§ **EXERCISE DETAILS**:
Line count for the string "Stock": give the number of lines in the data below that contain it, and nothing more.

§ **Data excerpts**:
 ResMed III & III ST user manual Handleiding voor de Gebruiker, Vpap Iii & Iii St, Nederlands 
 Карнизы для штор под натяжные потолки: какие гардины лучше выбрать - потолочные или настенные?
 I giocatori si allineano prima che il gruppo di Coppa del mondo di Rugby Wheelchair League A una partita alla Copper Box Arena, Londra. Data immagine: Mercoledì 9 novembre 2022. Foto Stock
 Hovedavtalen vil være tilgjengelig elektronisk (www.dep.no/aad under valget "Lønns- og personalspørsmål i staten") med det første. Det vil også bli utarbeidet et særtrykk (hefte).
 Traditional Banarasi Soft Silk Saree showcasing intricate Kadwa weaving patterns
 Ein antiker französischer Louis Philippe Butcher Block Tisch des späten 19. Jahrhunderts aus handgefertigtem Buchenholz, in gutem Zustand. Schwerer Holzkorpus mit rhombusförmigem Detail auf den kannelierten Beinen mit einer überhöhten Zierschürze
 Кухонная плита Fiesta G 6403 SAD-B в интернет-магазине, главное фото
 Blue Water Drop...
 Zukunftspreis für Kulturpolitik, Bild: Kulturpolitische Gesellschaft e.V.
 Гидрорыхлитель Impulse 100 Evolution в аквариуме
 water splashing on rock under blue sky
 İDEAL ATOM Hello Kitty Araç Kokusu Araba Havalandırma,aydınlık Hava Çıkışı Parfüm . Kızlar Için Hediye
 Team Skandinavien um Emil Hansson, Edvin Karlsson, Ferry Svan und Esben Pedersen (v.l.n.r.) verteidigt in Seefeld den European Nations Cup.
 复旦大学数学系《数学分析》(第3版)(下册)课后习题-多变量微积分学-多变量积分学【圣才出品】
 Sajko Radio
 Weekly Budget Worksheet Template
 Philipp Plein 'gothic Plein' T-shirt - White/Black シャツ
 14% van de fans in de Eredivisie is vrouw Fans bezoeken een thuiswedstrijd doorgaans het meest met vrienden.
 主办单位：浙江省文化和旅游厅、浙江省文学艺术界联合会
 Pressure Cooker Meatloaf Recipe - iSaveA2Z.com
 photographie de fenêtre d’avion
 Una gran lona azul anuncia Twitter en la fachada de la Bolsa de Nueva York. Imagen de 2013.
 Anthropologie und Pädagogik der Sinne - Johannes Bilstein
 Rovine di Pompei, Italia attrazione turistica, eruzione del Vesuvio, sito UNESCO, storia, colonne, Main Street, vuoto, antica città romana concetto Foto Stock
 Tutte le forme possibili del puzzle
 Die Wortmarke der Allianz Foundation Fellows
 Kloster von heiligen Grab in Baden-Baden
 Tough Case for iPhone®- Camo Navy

§ **RESULT BELOW**:
2